After a road trip packed with up close and personal exploration of Coromandel's beaches, Tairua offers the chance to get up higher to check out the peninsula's spectacular coastline. Once a volcanic island – sorry, you've missed that particular view by around seven million years – Paku now forms the forested northern head of Tairua Harbour. Count on a steepish 20-minute walk up Paku, and look forward to views of the spectacular surf beaches on both sides of the broad estuary. Built around the estuary's eastern shores, Pauanui is an upscale residential development with two compact but challenging golf-courses for you to try your hand at.
Heading south, Whangamata is around 36km from Tairua, but an interesting detour en route is to the Wharekawa Wildlife Refuge on the sandspit at Opoutere Beach. A rolling walking track through sandy pine forests – count on a return journey of around 45 minutes – leads to protected breeding grounds for the endangered New Zealand dotterel and compact orange-beaked oystercatchers.
Around 1km from Whangamata's arcing beach, Whenuakura Island and Hauturu Island are also wildlife sanctuaries – sorry, you can't land on them – but kayaking and paddle boarding around them is very popular. From Christmas to New Year 'Whanga' is hugely popular with holidaying families, but during other months it celebrates a laid back surf town vibe.
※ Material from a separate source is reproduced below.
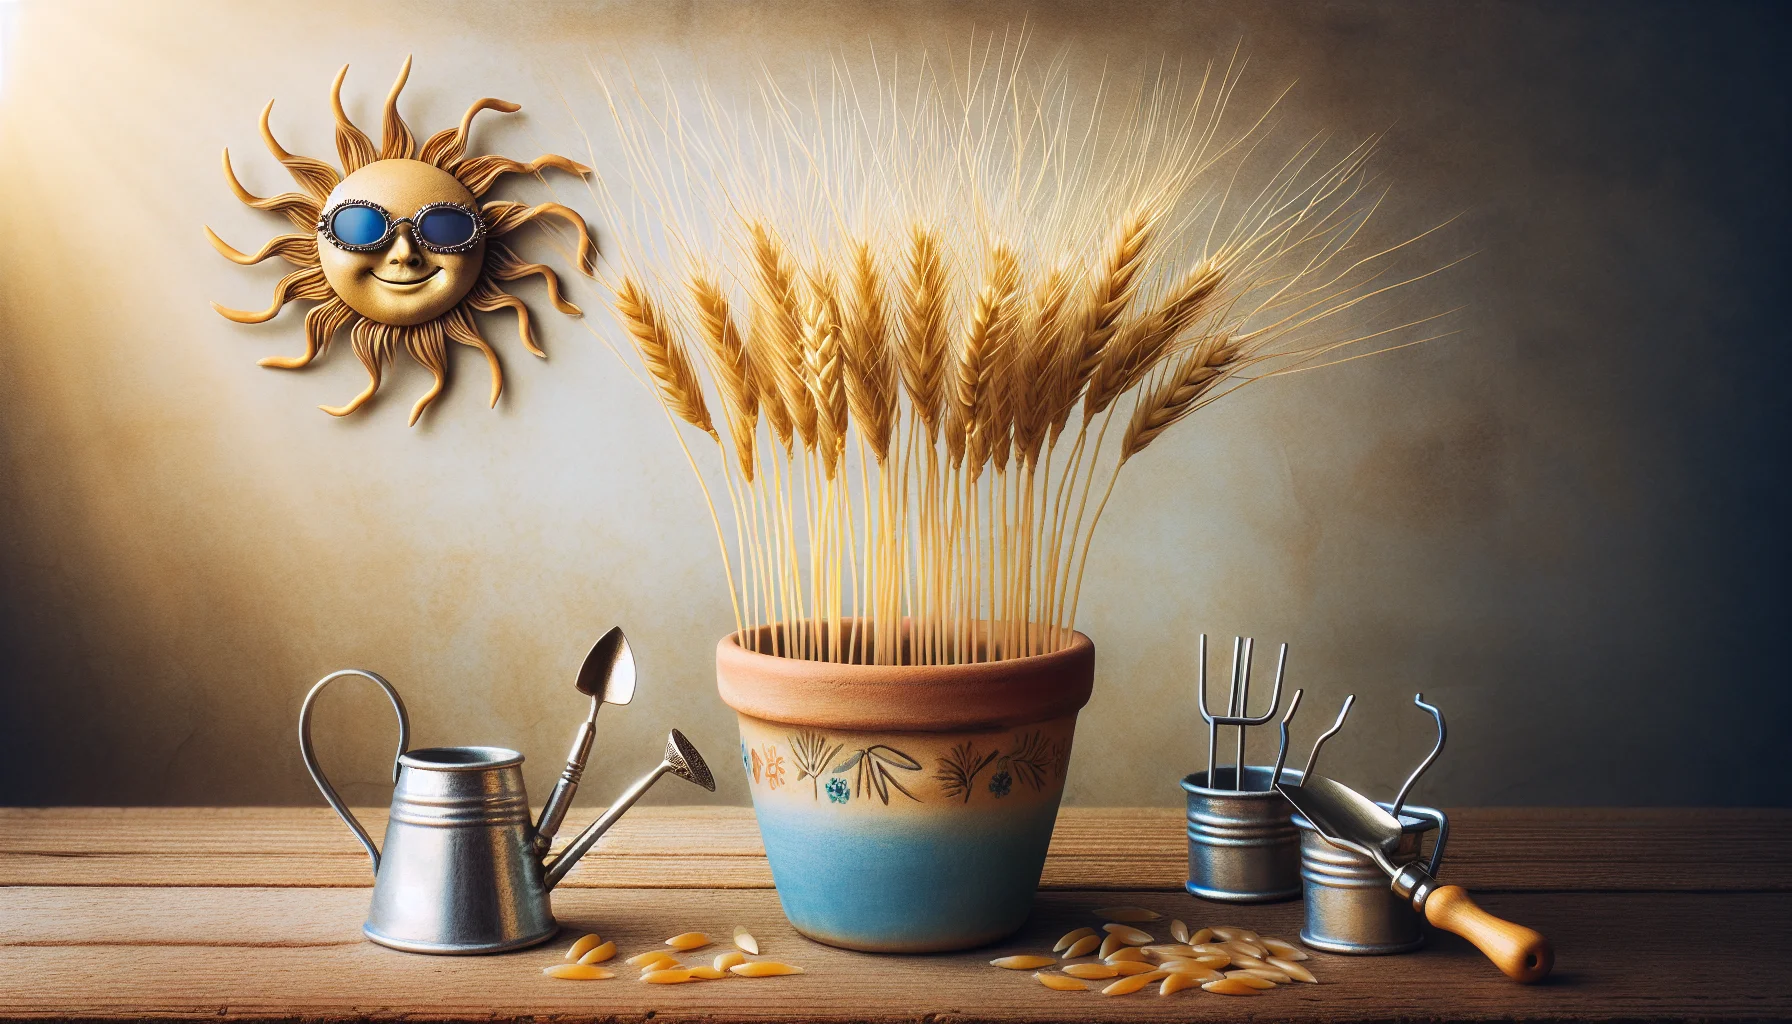 Create a surreal and captivating image that brings humor into gardening. Picture long, golden strands of wheat growing high and mightily from a small, pastel-blue ceramic pot that sits on a rustic wooden table. A miniature, handcrafted, silver gardening tool set appears propped against the pot, suggesting the straw is being actively gardened. A few straw stalks are tangled, seemingly drawn into a farcical ballet of growth and collaboration, encouraging an amusing anthropomorphic endeavor. A fanciful sun, wearing chic sunglasses and flashing a dazzling, radiant smile, hovers in the background, providing a whimsical touch. Let this image stir laughter, and inspire individuals of all descents and gender to embark upon their gardening pursuits.

The best coffee in town and excellent bistro food is at SixFortySix, a hip cafe that wouldn't be out of place in the big smoke of Auckland or Wellington. During summer, their Mexican food is popular with surfers in town for Whangmata's big waves.
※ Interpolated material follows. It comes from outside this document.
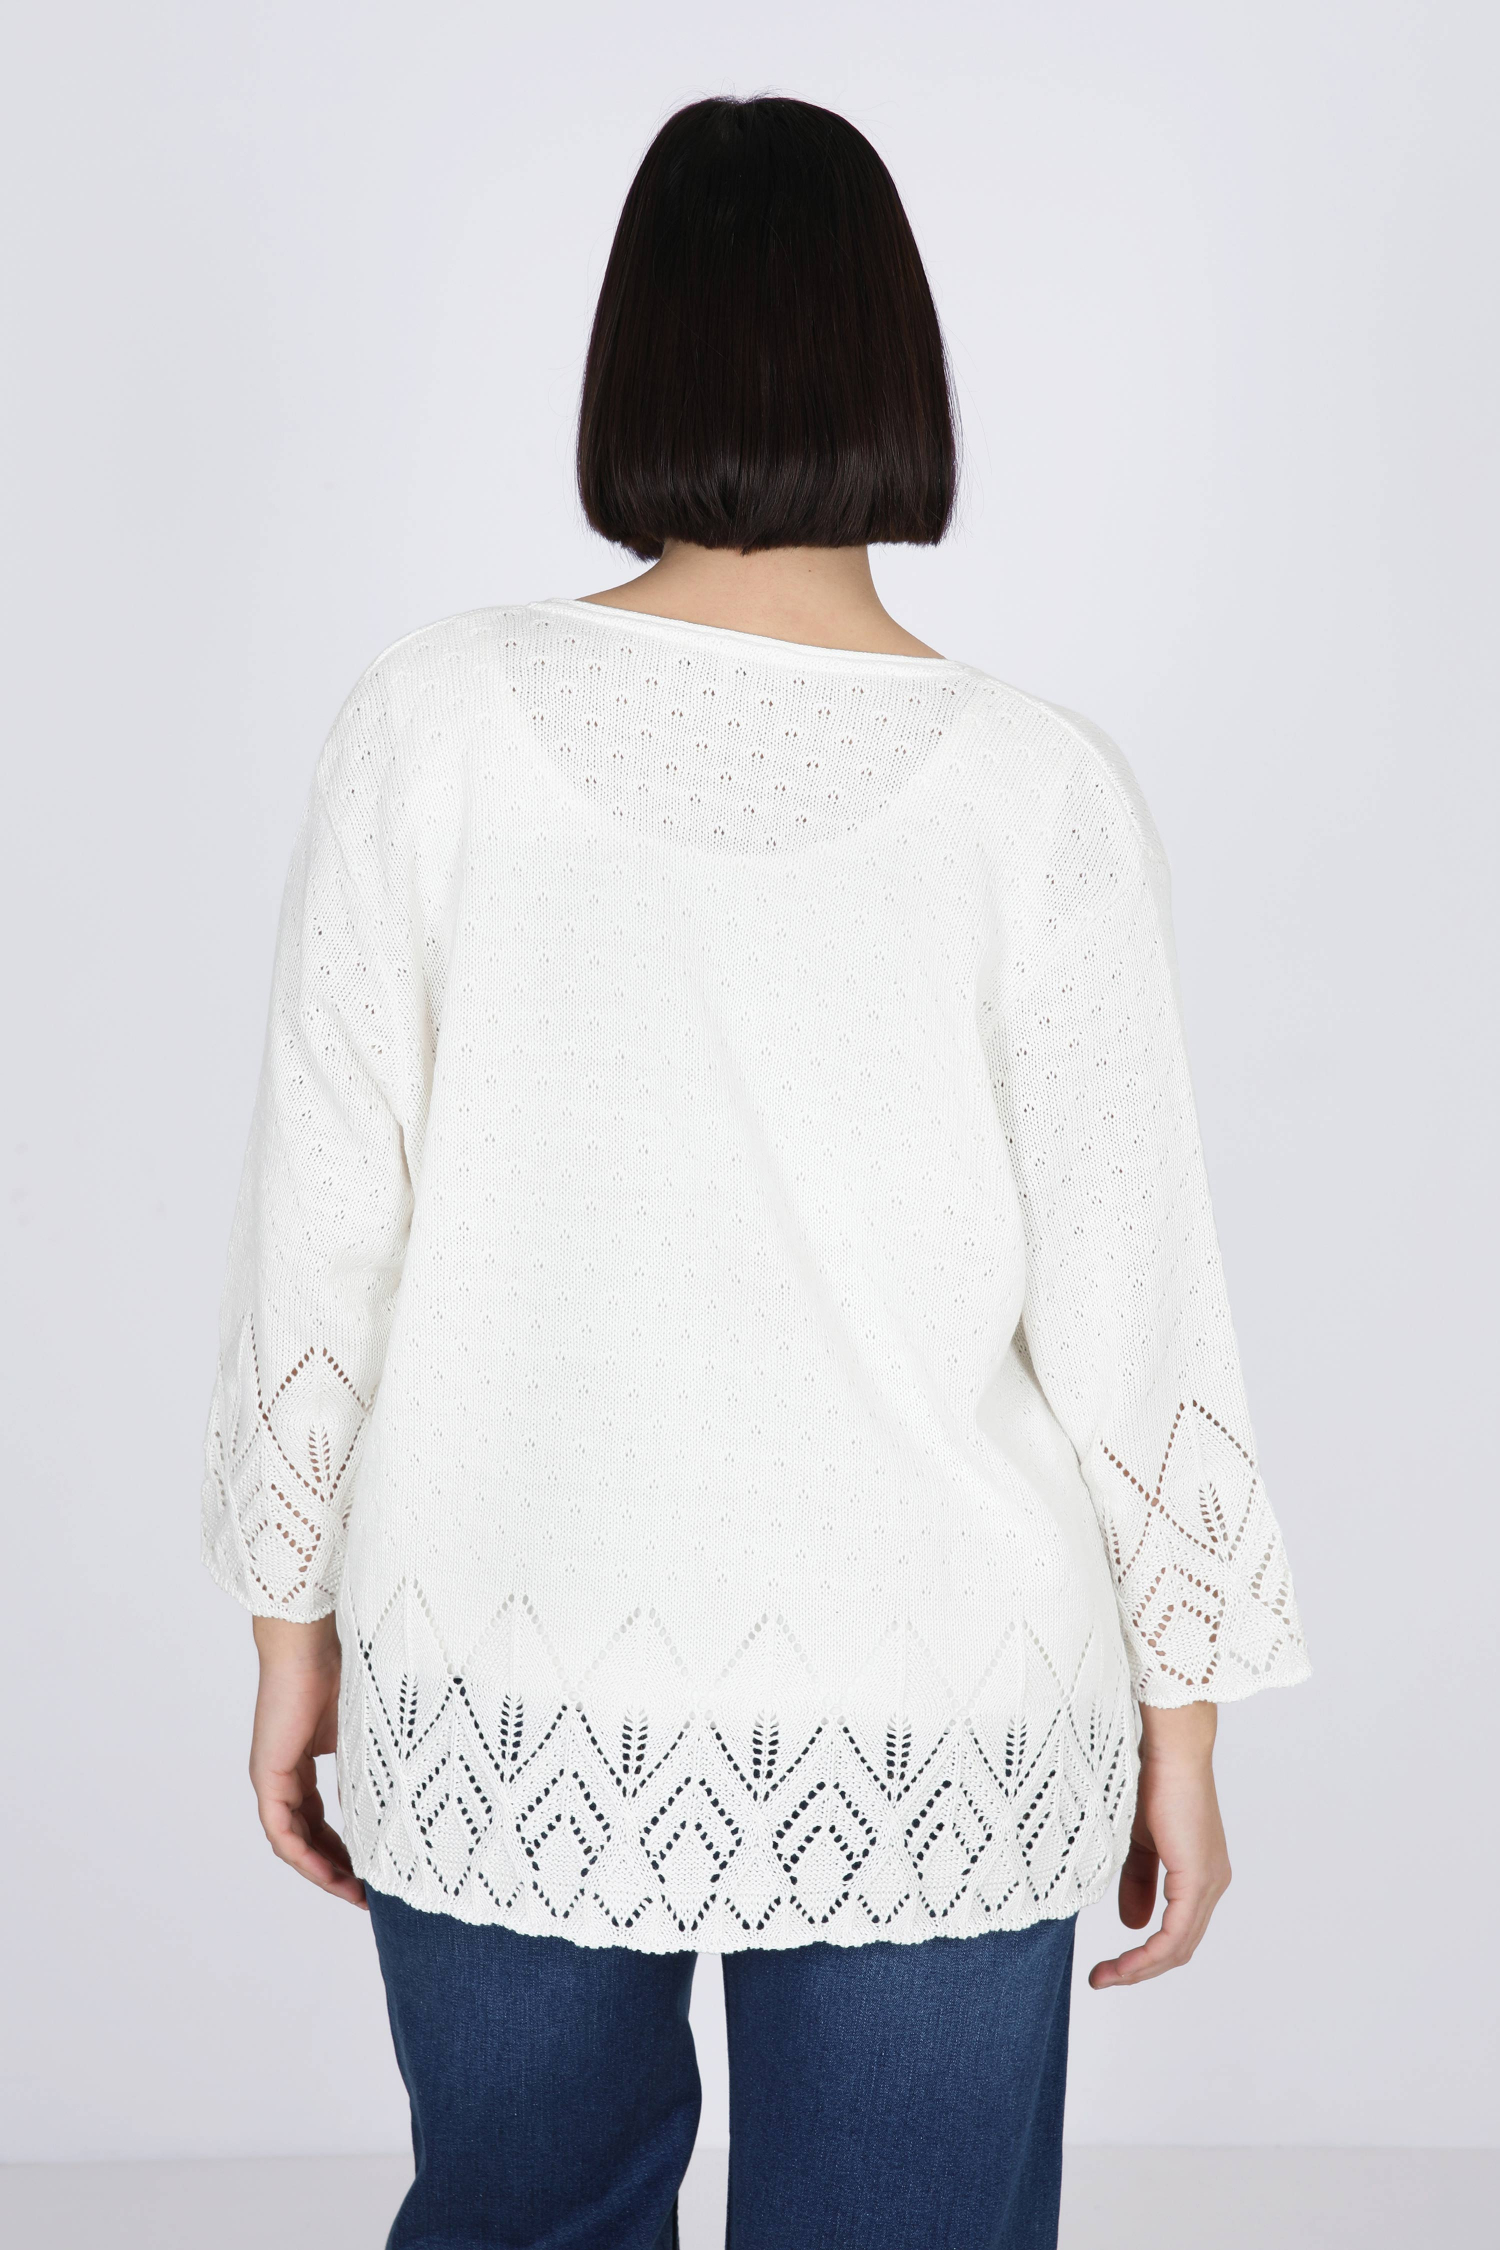 honeycomb and openwork knit cardigan

Continue to Waihi, and use the town as a base to explore the nearby Karangahake Gorge. A spur of the Hauraki Rail Trail continues all the way north to your starting point at Thames, but the best option for daytrippers is to jump aboard the heritage Goldfields Railway for the scenic 7km journey to Waikino Station. At Waikino, hire mountain bikes to explore the flat easy-to-ride section of the Rail Trail running along the shaded and forested banks of the Karangahake River. The perfect spot to toast a Coromandel road trip is deep within the gorge at the Bistro at the Falls Retreat. Wood-fired goodness includes excellent pizza and hearty meat dishes.